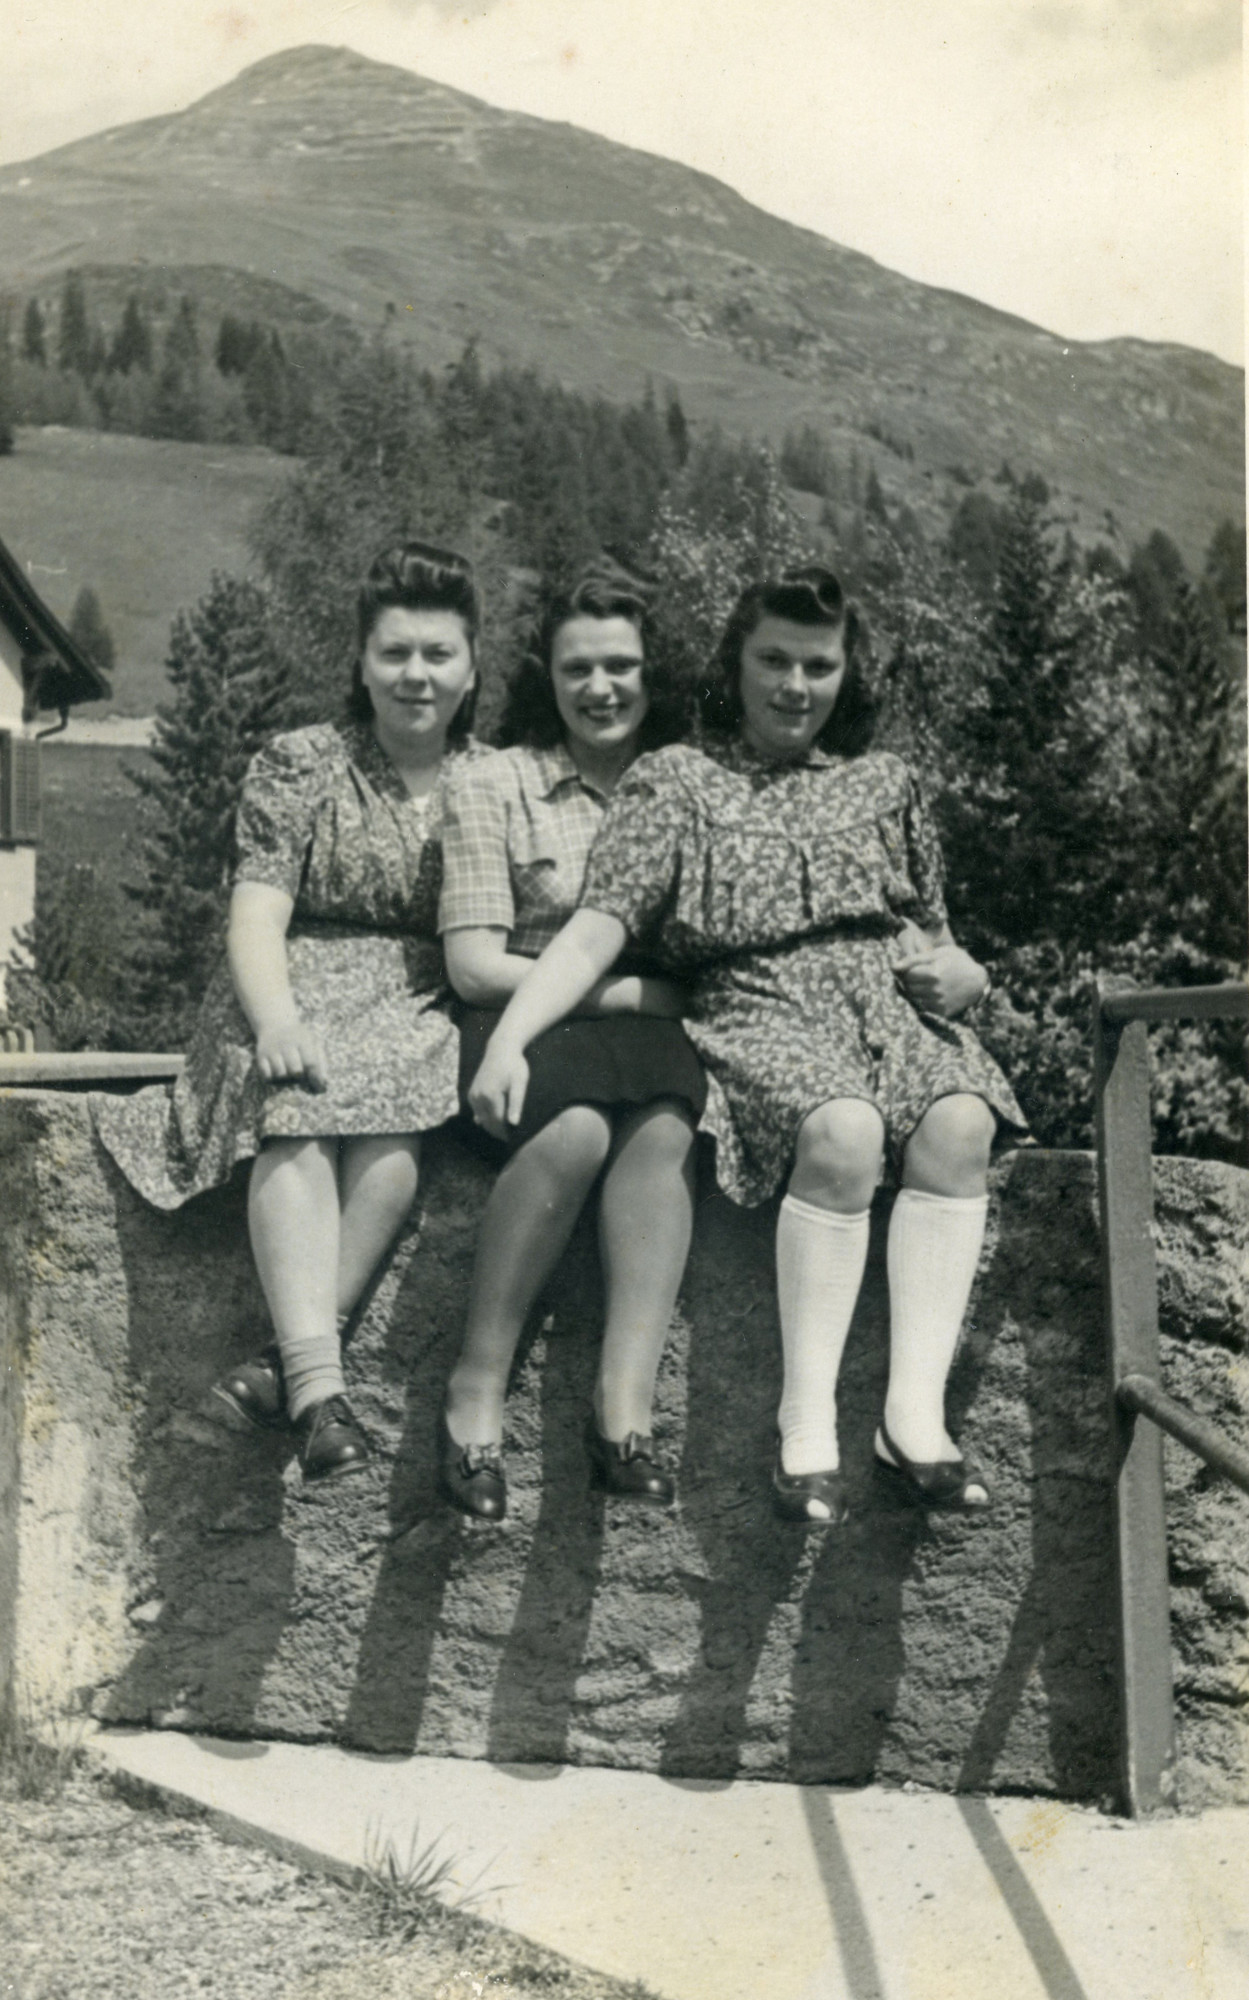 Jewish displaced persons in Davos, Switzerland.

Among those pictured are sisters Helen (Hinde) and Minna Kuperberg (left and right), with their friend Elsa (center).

* * *

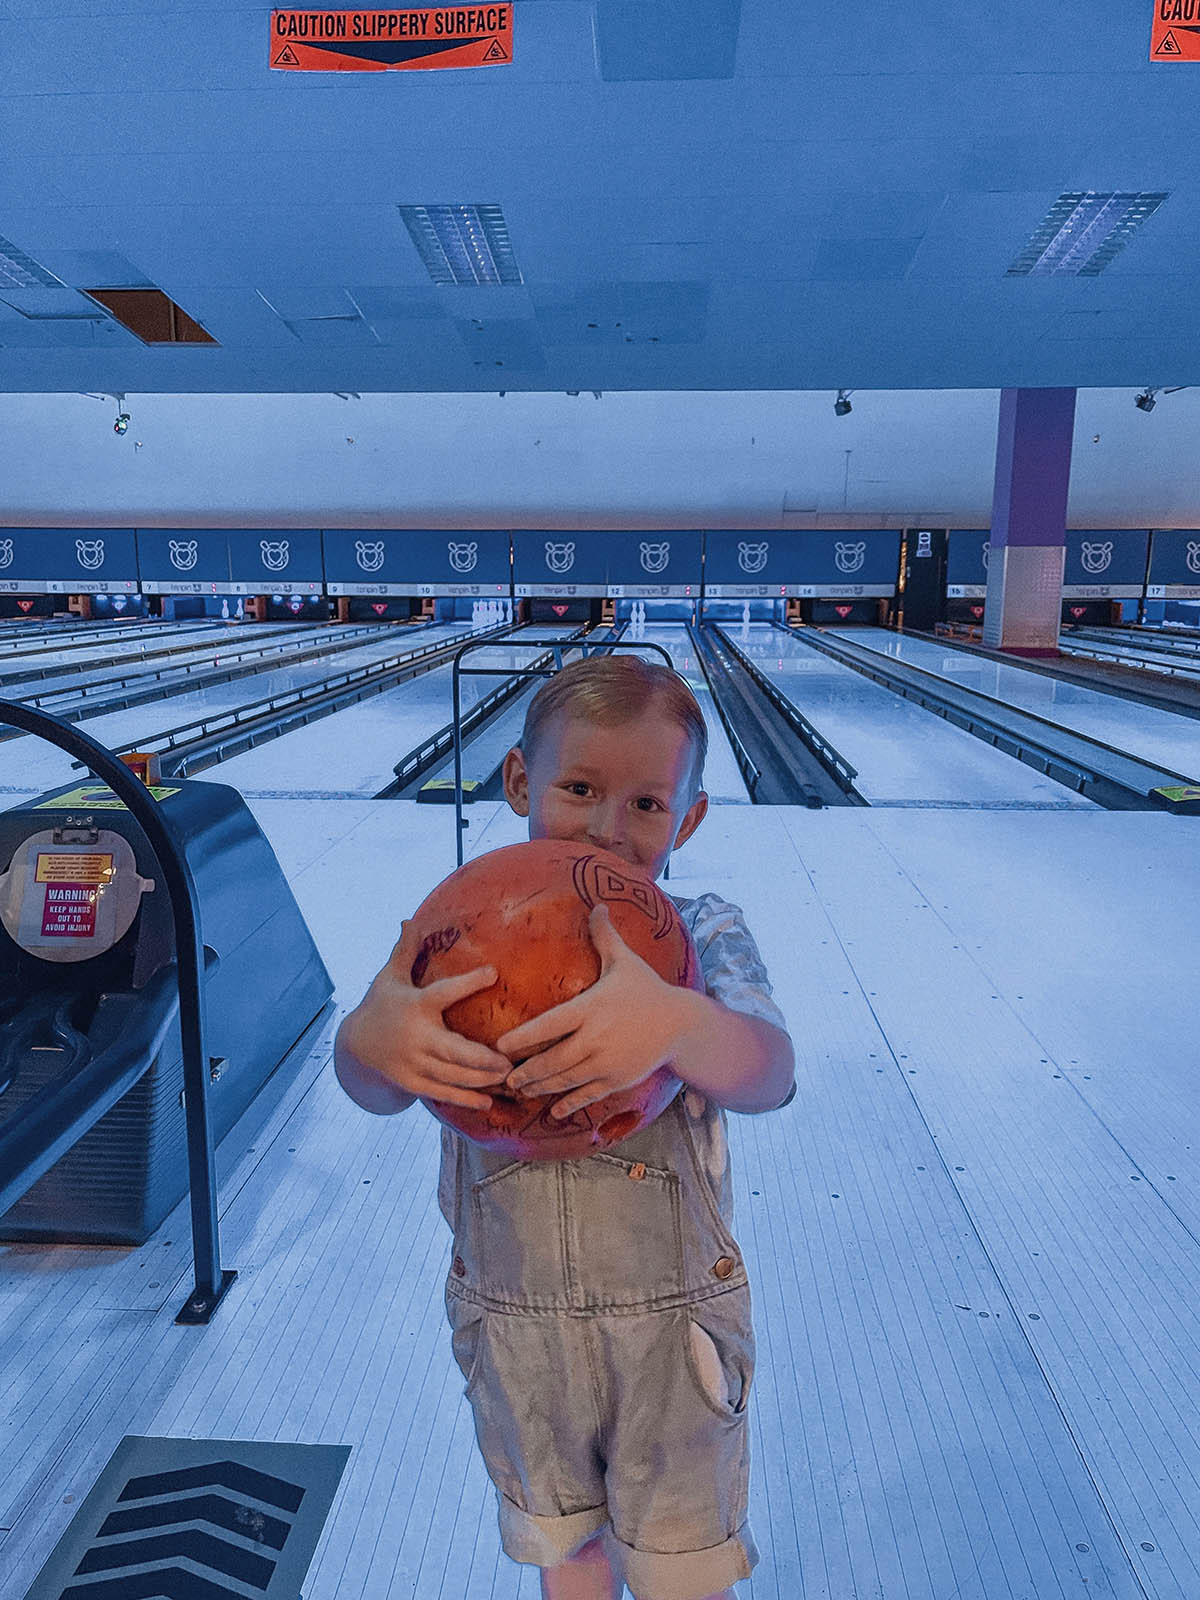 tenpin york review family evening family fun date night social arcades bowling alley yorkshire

YOUR TASK:
When you reach the line containing "Jewish displaced persons" in the entries above, begin restating word for word, and stop once the line containing "Among those pictured" has been given. Omit the pictures.

EXERCISE RESPONSE:
 Jewish displaced persons in Davos, Switzerland.

Among those pictured are sisters Helen (Hinde) and Minna Kuperberg (left and right), with their friend Elsa (center).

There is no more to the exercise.